Clark Miller

No. 74, 82, 78
- Position: Defensive end

Personal information
- Born: August 11, 1938 Oakland, California, U.S.
- Died: November 5, 2008 (aged 70) Paso Robles, California, U.S.
- Listed height: 6 ft 5 in (1.96 m)
- Listed weight: 245 lb (111 kg)

Career information
- High school: Oakland (CA)
- College: Utah State
- NFL draft: 1961 (5th round, 58th overall pick)
- AFL draft: 1961 (14th round, 106th overall pick)

Career history
- San Francisco 49ers (1962–1968); New York Giants (1969)*; Washington Redskins (1969); Los Angeles Rams (1970);
- * Offseason or practice squad member only

Career NFL statistics
- Fumble recoveries: 5
- Interceptions: 1
- Sacks: 32.5
- Stats at Pro Football Reference

= Clark Miller =

American football player (1938–2008)

Franklin Clark Miller (August 11, 1938 – November 5, 2008) was an American professional football player in the National Football League (NFL) who played defensive end for nine seasons for the San Francisco 49ers, the Washington Redskins, and the Los Angeles Rams.

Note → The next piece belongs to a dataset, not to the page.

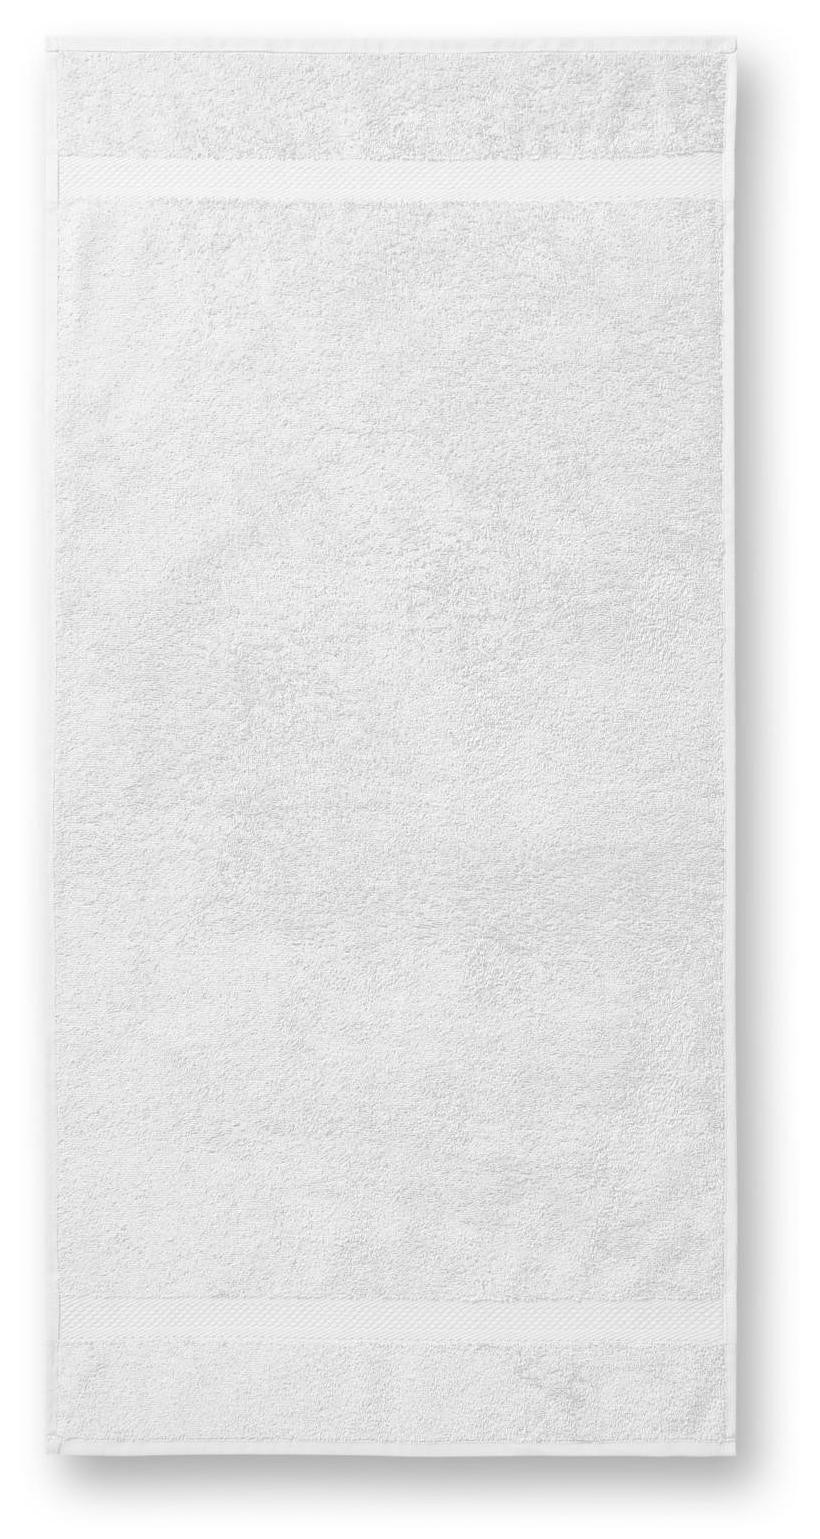 Bavlnený uterák hrubší, biela, 50x100cm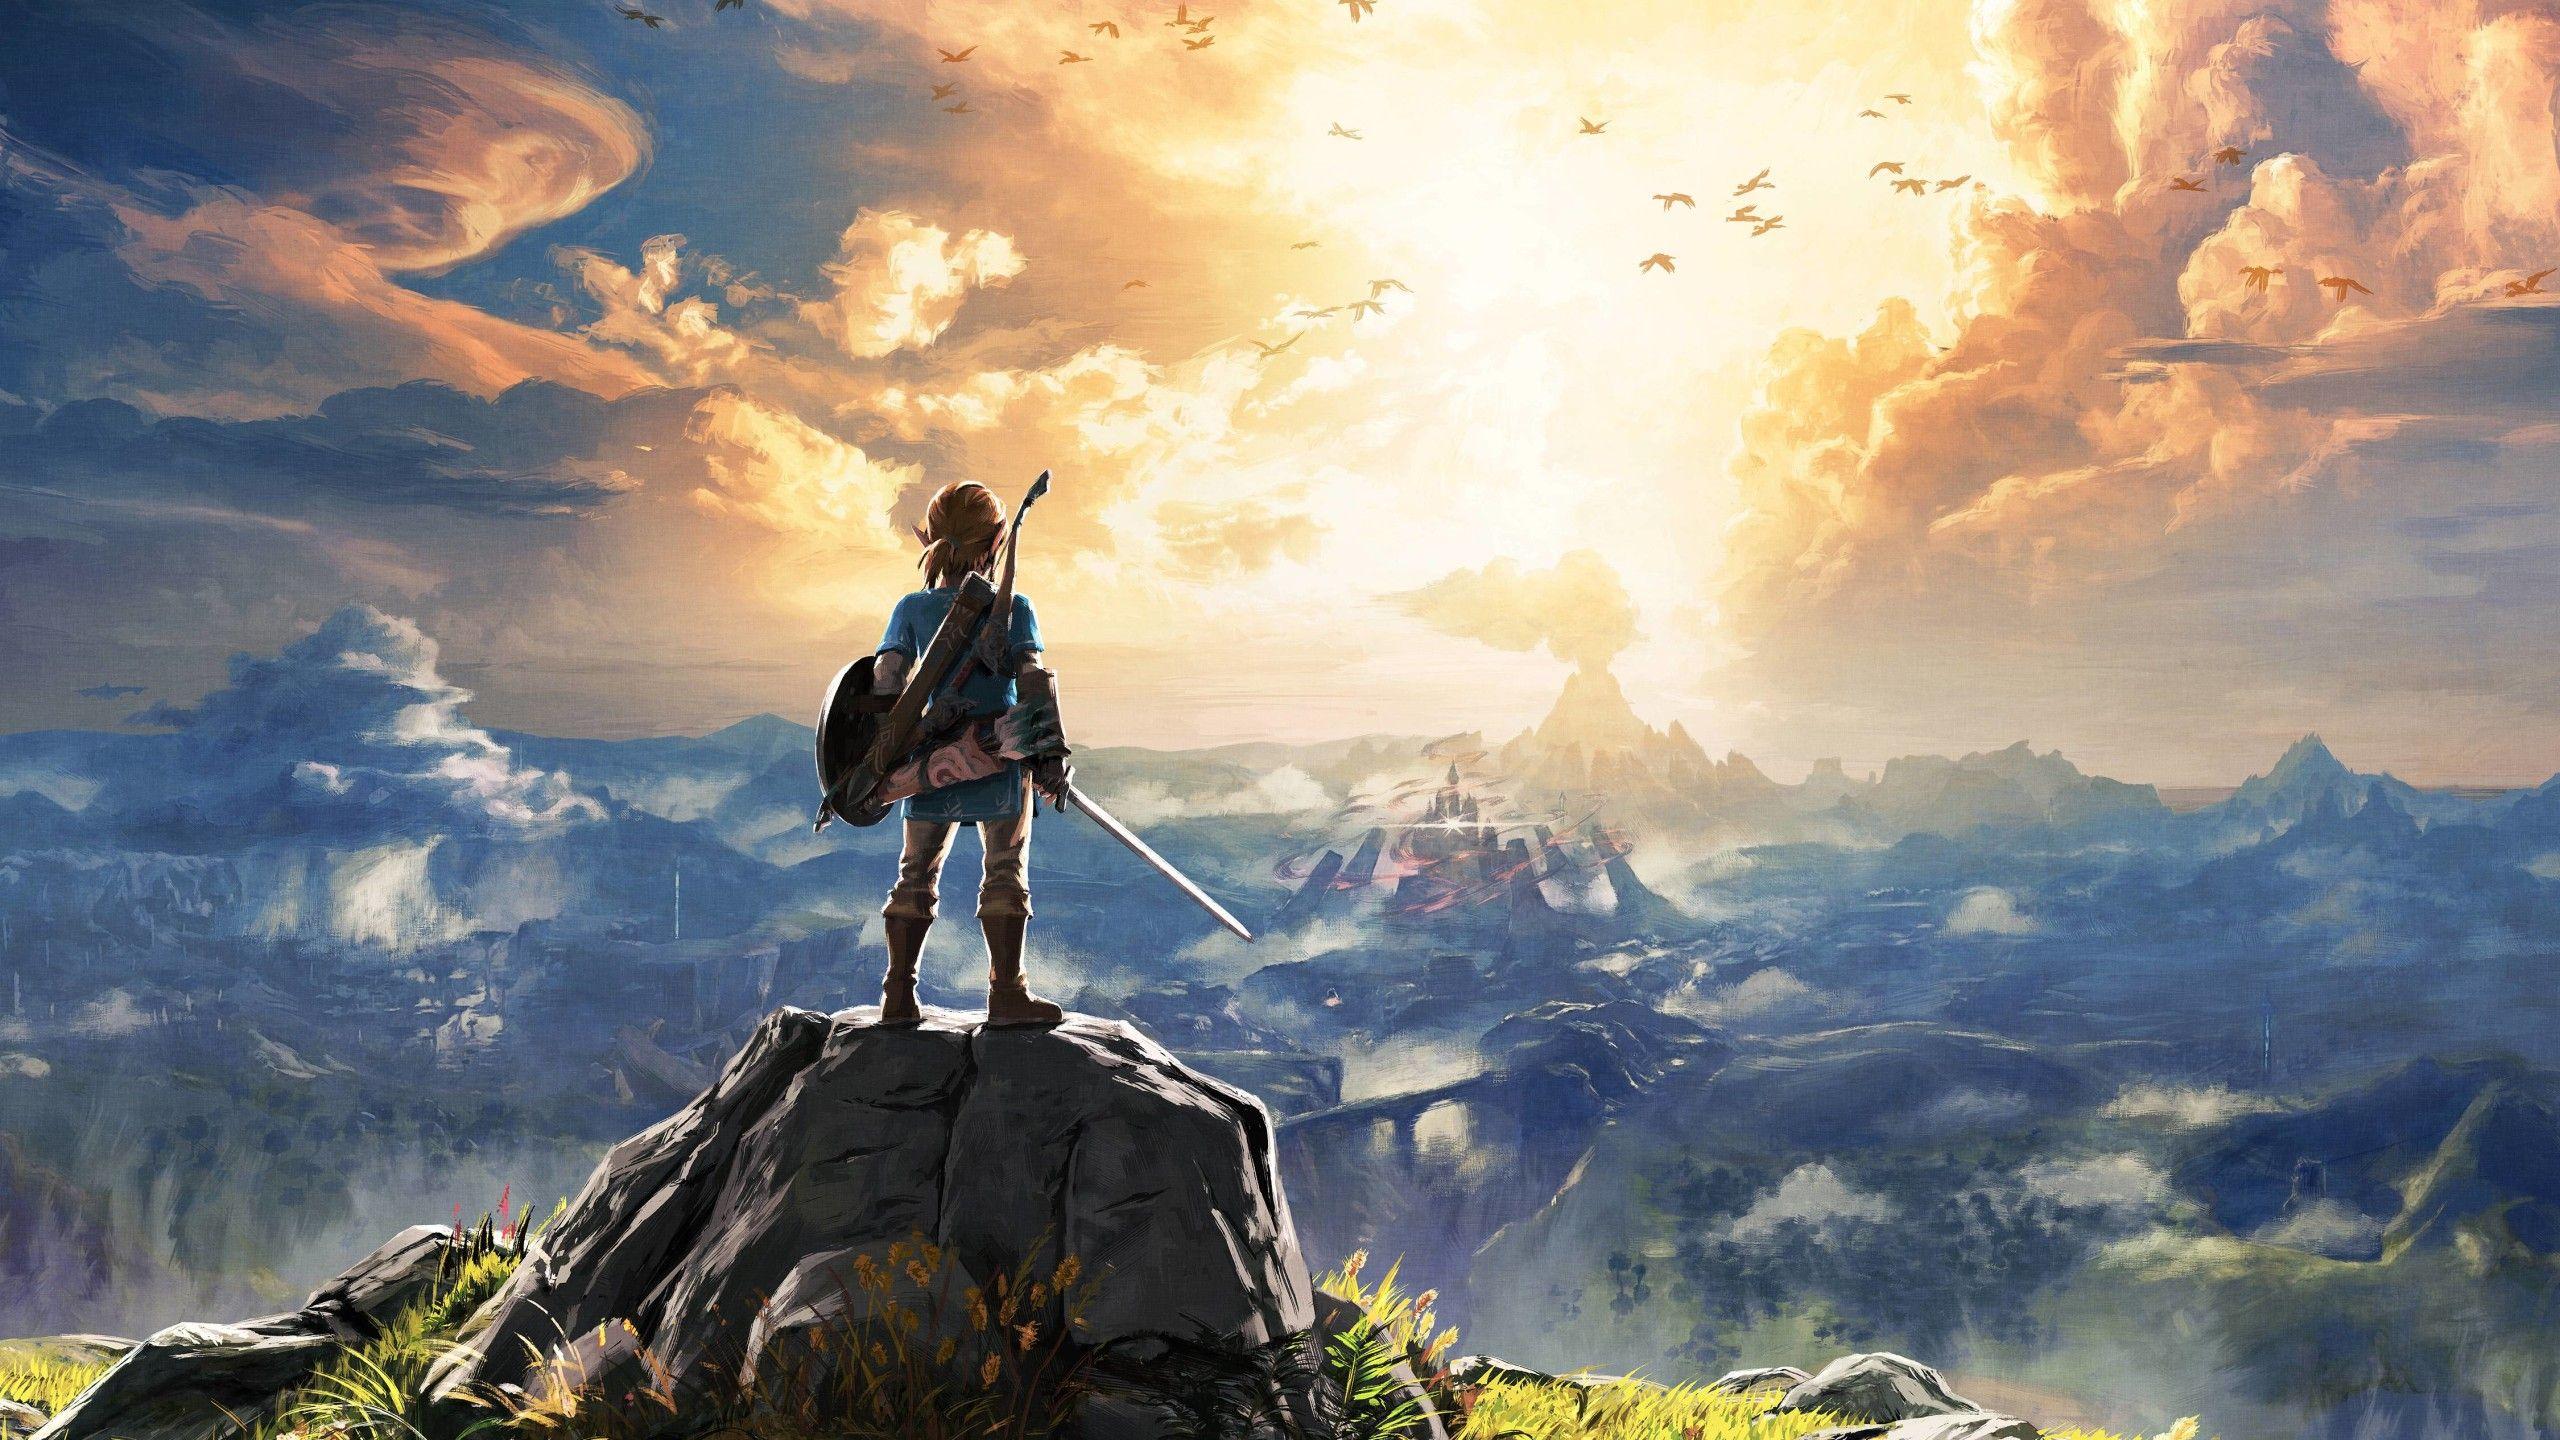 Với độ phân giải 2560 x 1440, những bức hình nền Zelda này sẽ khiến cho bạn như đang bay vào một thế giới khác. Với vẻ đẹp của công viên Hyrule, những chi tiết về nhân vật Link và Zelda, bạn sẽ có cảm giác như mình đang đóng vai trò hành trình giải cứu thế giới trong dòng game huyền thoại này.

He played college football at Utah State University and was drafted in the fifth round of the 1961 NFL draft. Miller was also selected in the fourteenth round of the 1961 AFL draft by the Oakland Raiders.

Clark Miller died of a heart attack on November 5, 2008, at a hospital in Paso Robles, California a week after he was injured and hospitalized following a horse riding accident.